The incident began at 11:38 UTC+7:00 on 3 July 2003 when military-civilian radar at Ngurah Rai International Airport in Denpasar, Bali detected suspicious movement of several aircraft northwest of Bawean Island, with the altitude observed to be between 15000 ft to 35000 ft and speed of 450 kn. The movement of these aircraft was also reported by a nearby commercial Boeing 737-200 of Bouraq Airlines.
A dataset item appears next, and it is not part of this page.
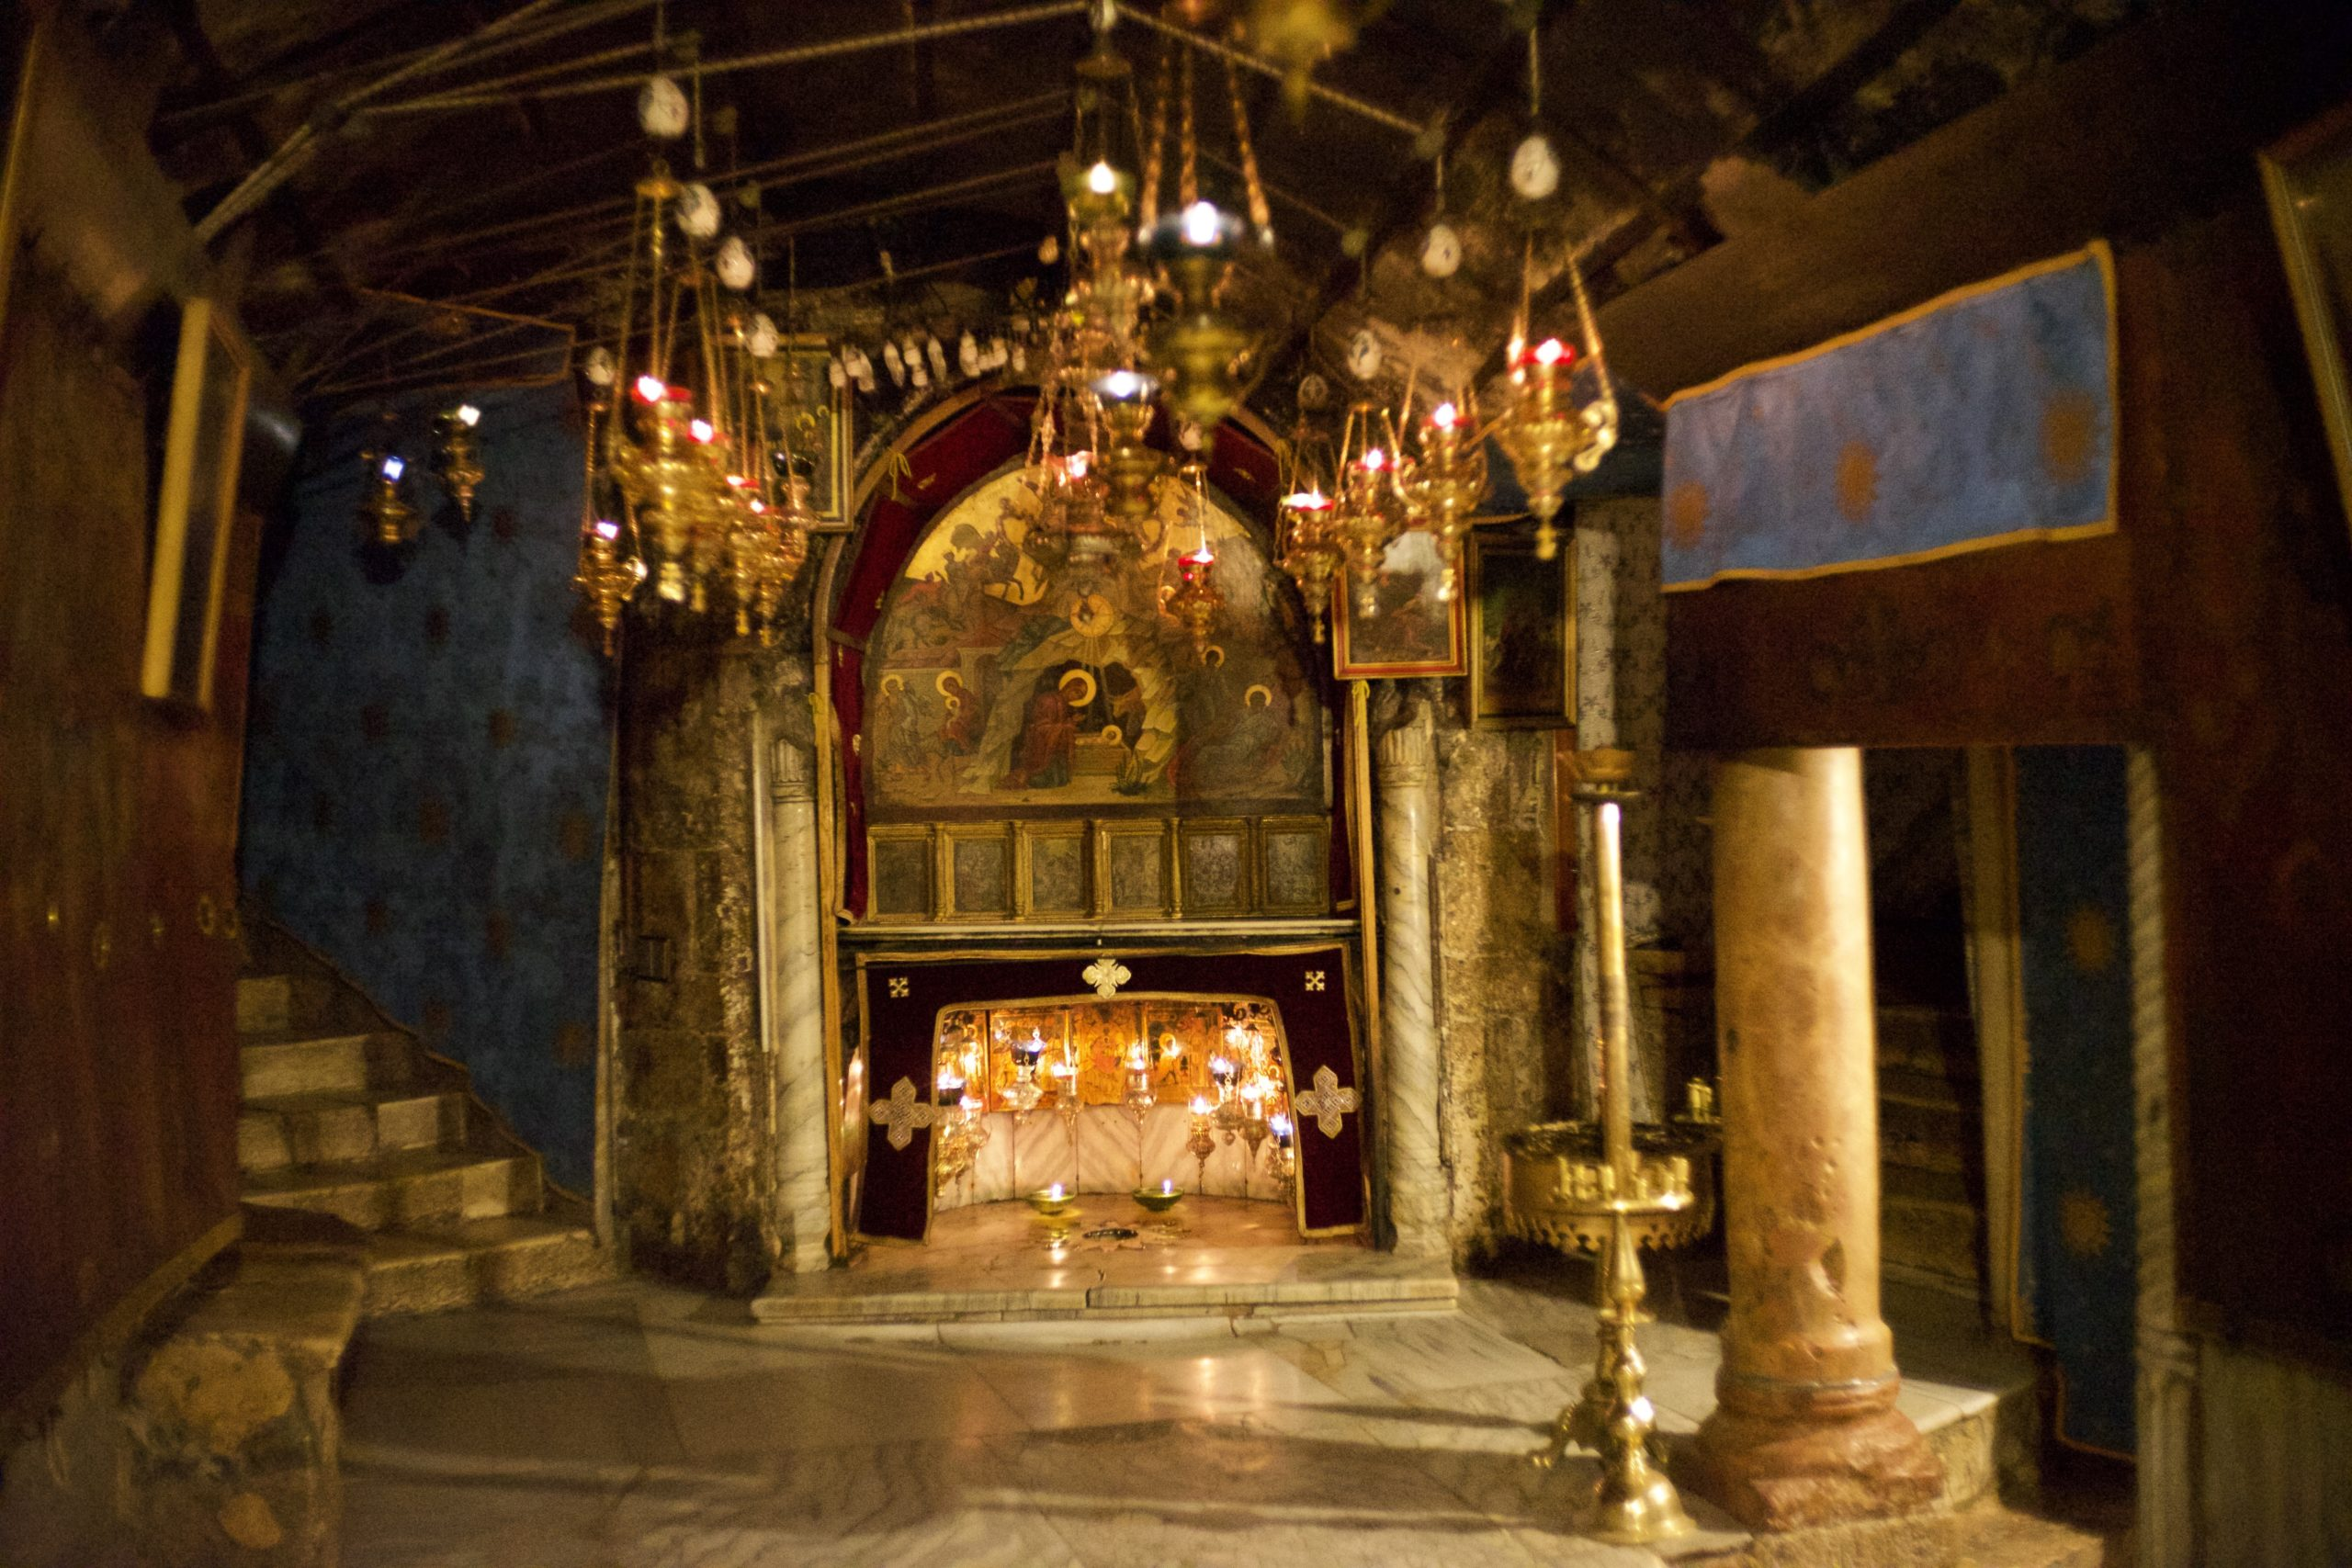 FAKTA: Fødselskirken i Betlehem

Because the aircraft later disappeared from radar, the Sector II National Air Defense Command and the National Air Defense Operations Center did not report it to the headquarters.

Three hours later radar detected more activity on the Green 63 civil flight route near Bawean Island or 66 nmi from Surabaya.
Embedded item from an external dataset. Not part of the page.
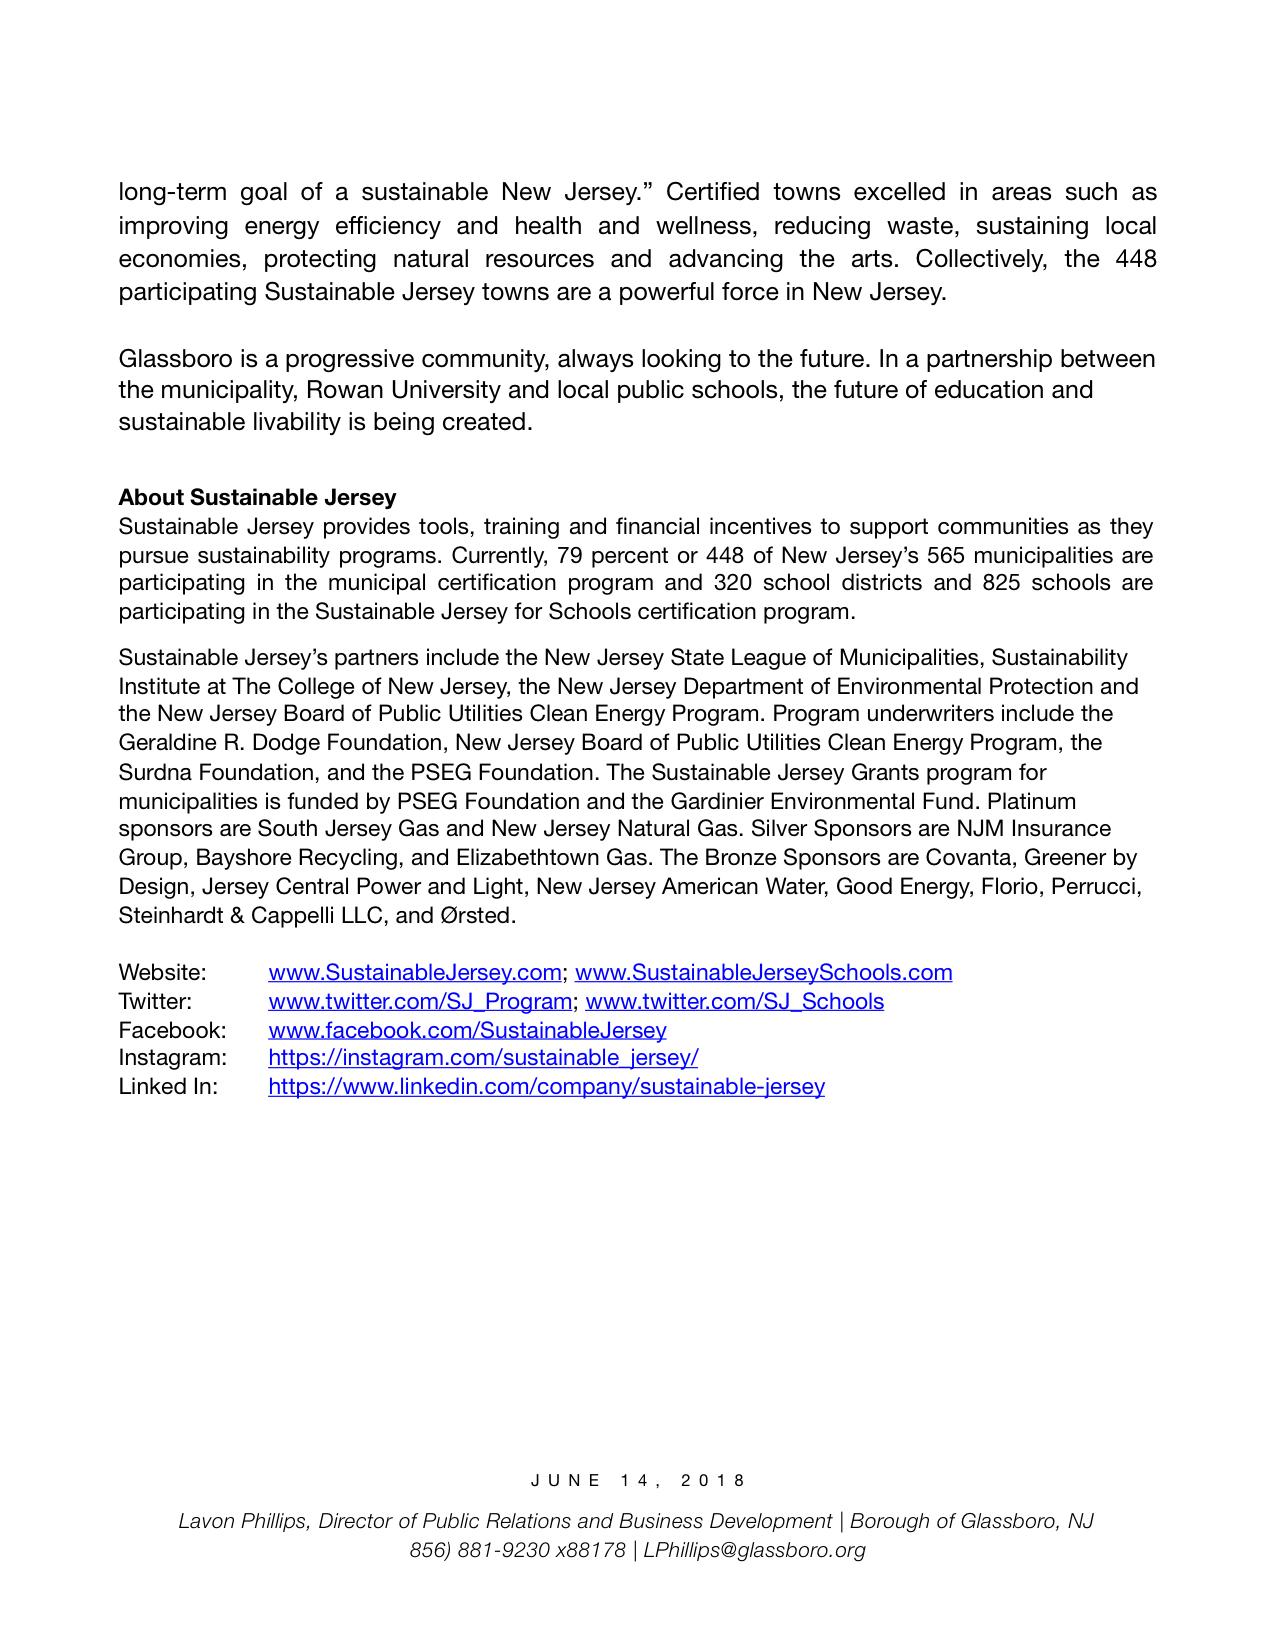 Glassboro NJ Press release Sustainable NJ Certification  copy 2.jpeg

Because the aircraft were not communicating with air traffic control, it was deemed dangerous for civil aviation. At 15:00, the commander of the Second National Air Defense Sector Command formally requested the permission to visually identify the suspicious radar contacts by sending interceptors.

A pair of armed F-16B Fighting Falcons of 3rd Air Squadron took off from Iswahjudi AFB at 17:02 and were sent to the reported location. The two F-16B fighter jets, tail number TS-1602 and TS-1603, had just returned from military operation in Aceh. The TS-1603, callsign Falcon 1 was piloted by Capt. Ian Fuady (flight leader) and Capt. Fajar Adriyanto, while TS-1602, callsign Falcon 2, was flown by Capt. Tony Harjono and Capt. Satriyo Utomo. Each aircraft was armed with two AIM-9P-4 missiles and a single 20 mm autocannon with 450 rounds.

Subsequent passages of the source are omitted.